The Scherzo was notably unhurried, and the funeral march seemed to short-change the drama until some angry drum-rolls kicked in. The concluding Allegro was soft, fleet, and sweet, until its last notes faded away in the distance.

And if that was revelatory, so was everything else in this recital. I have never known Schubert’s "6 Moments musicaux D 780" to acquire such amplitude and resonance as here, thanks to Zacharias’s deep empathy with this deceptively simple-seeming music.

The first piece became a series of calls and echoes in the woods, the second had a caressing inwardness, broken just momentarily by a burst of hard-toned fury; each was a world in itself, with its own particular touch on the keys.

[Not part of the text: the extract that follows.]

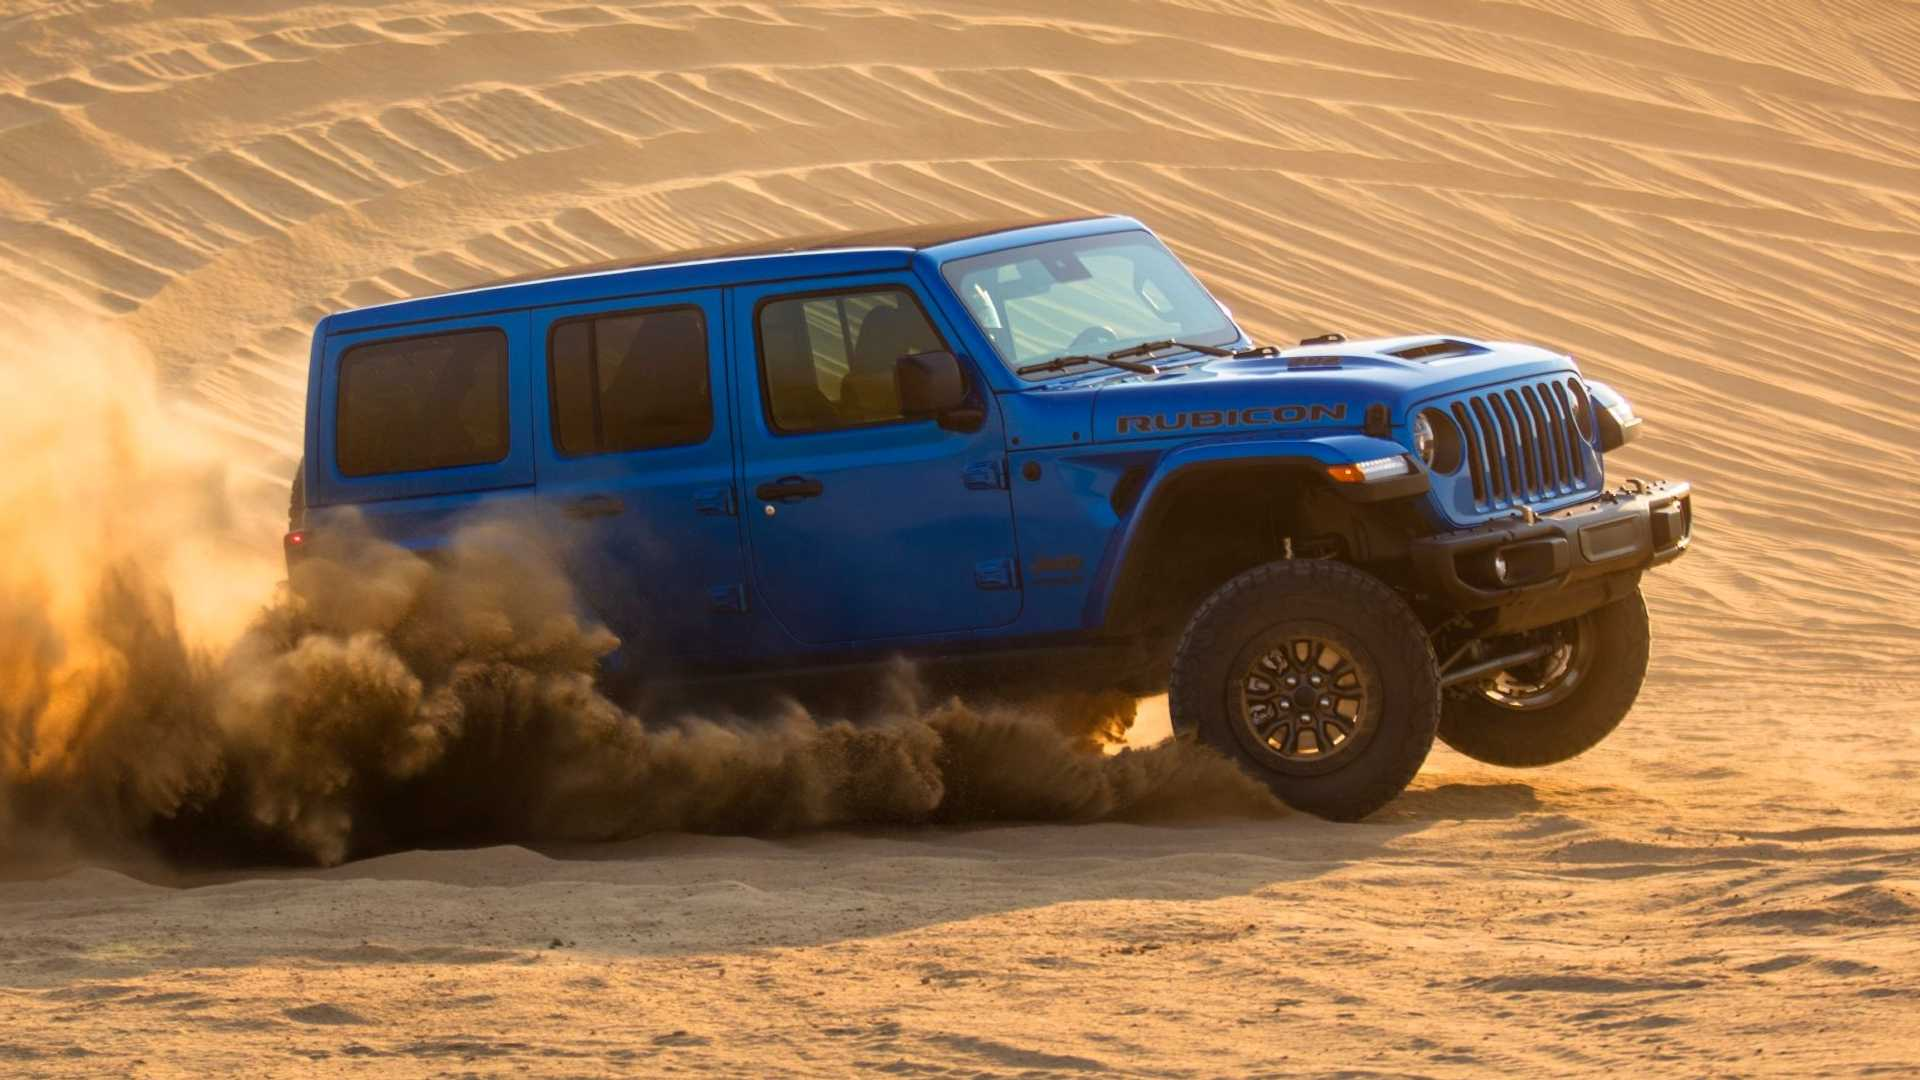 2021-jeep-wrangler-rubicon-392-side-view-4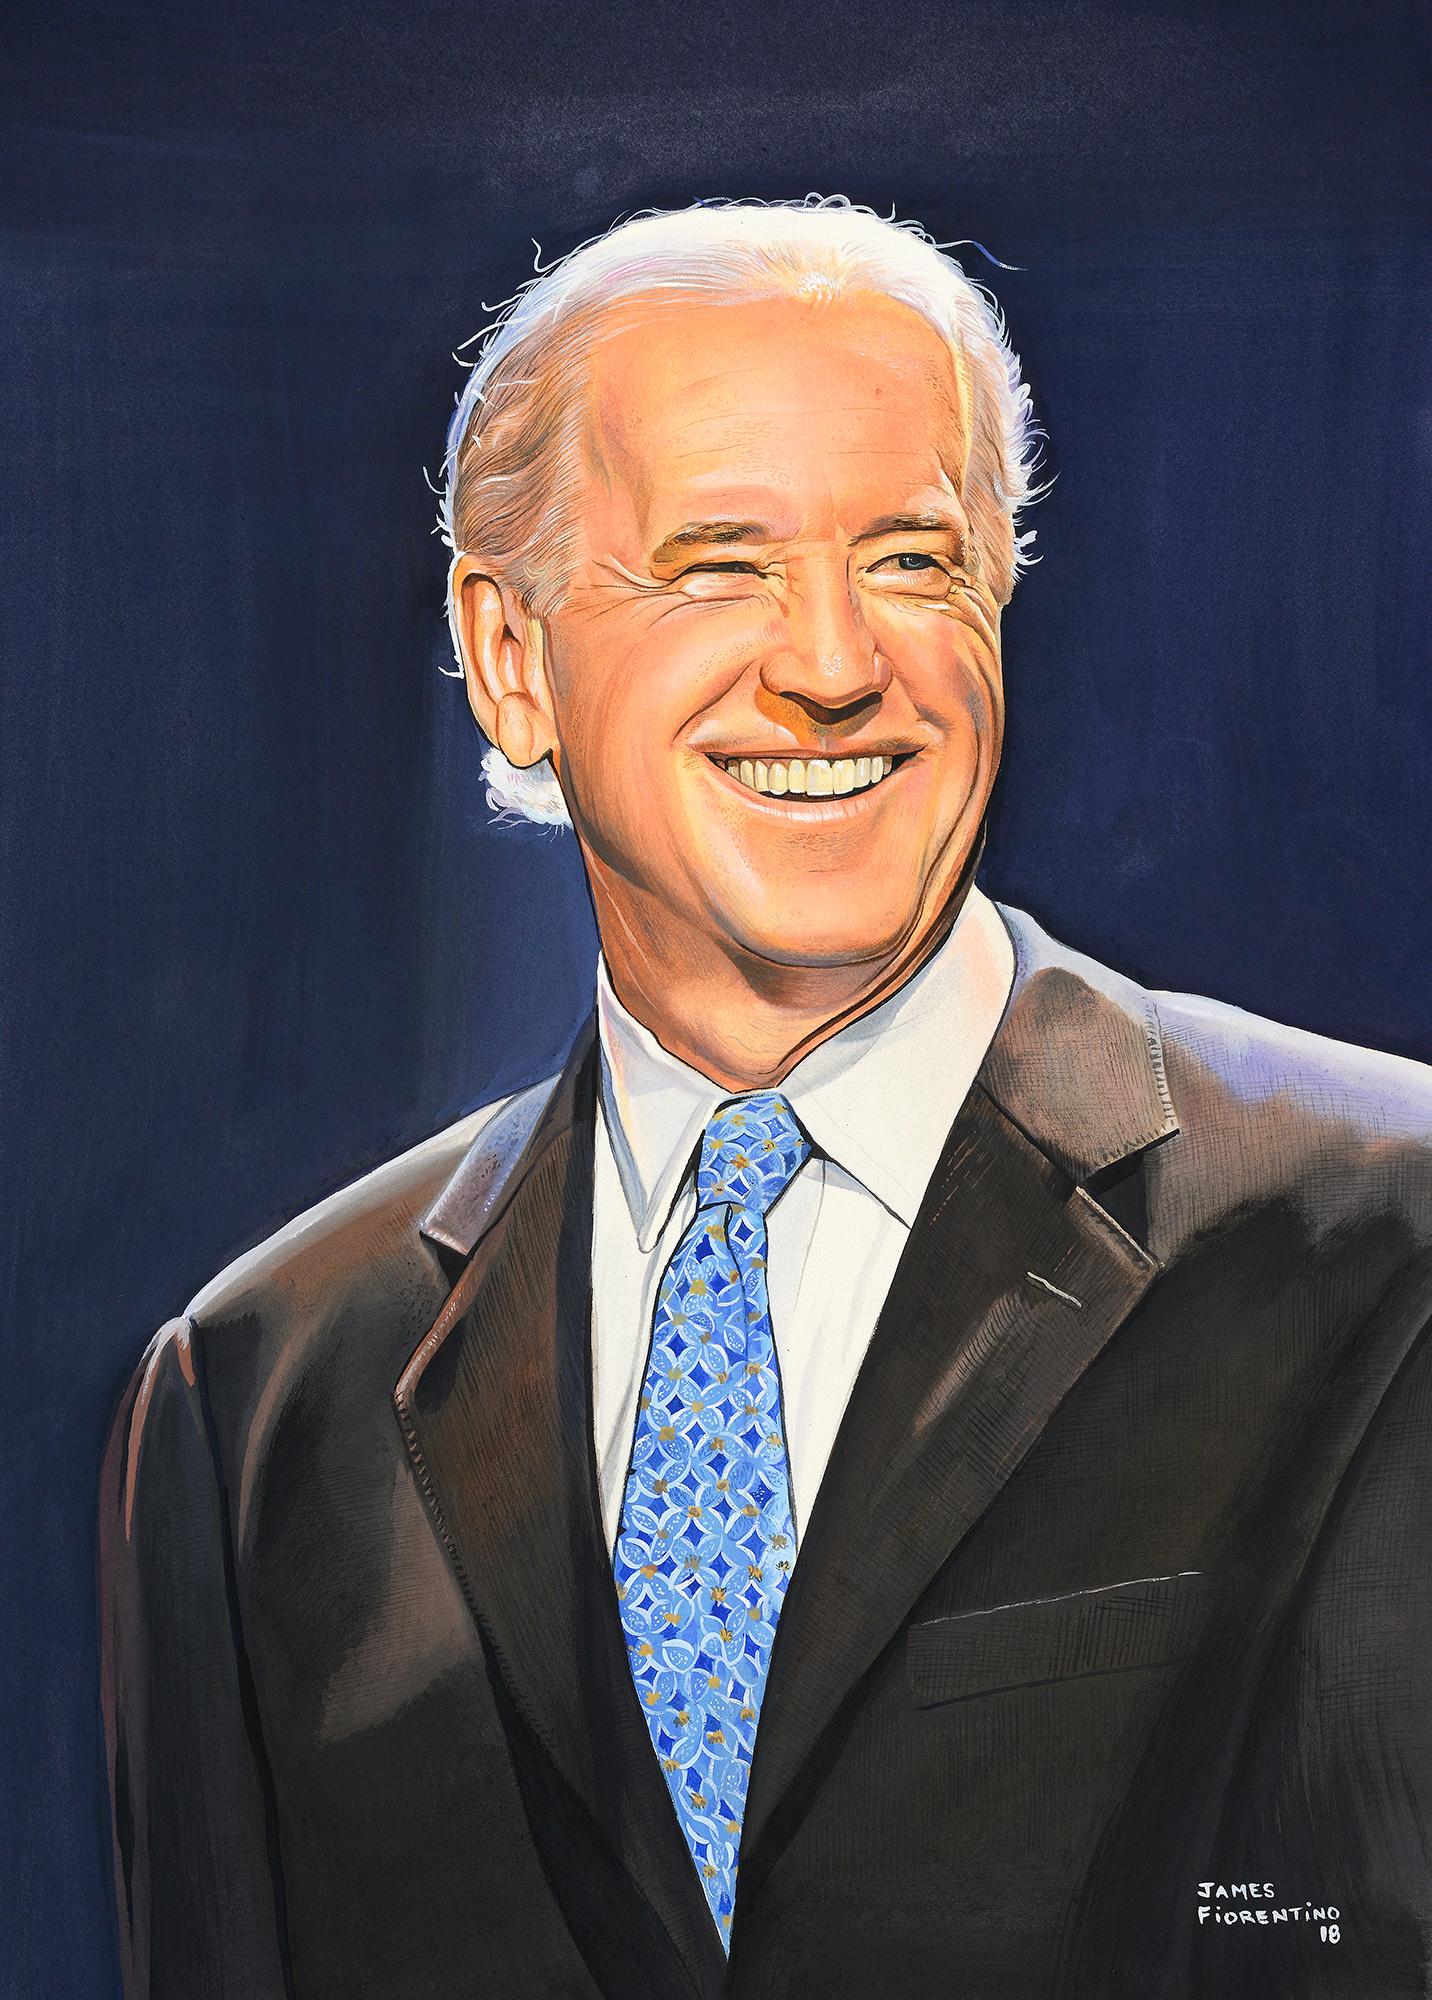 Art-collection of Joe Biden

Continuing with Schumann’s "Kreisleriana", Zacharias seemed to pass up on the initial invitation to virtuosity, but he more than made up for that later with a wonderfully exhilarating ride, then made a quirky exit in the comic finale. And to end with Beethoven’s unassuming "Sonata Op 14 No 2" was a quirky decision in itself: he turned its simple variations into a fascinating sequence of receding perspectives, before hurtling home in the off-the-wall Allegro assai (pointedly ignoring the assai); his Scarlatti encore was exquisite.

The next morning soprano Ruby Hughes and pianist Julius Drake gave a bright account of a programme by Haydn, Brahms, and Schumann. Hughes’s big, vibrato-free sound was ideally matched to some English canzonettas by Haydn to which Jane Austen herself had probably once listened, and in Schumann’s ‘Liederkreis’ Hughes and her excellent accompanist brought this composer’s doom-laden world to passionate life.

She had some problems projecting her words and keeping a sustained tone, but she caught the music’s spirit perfectly.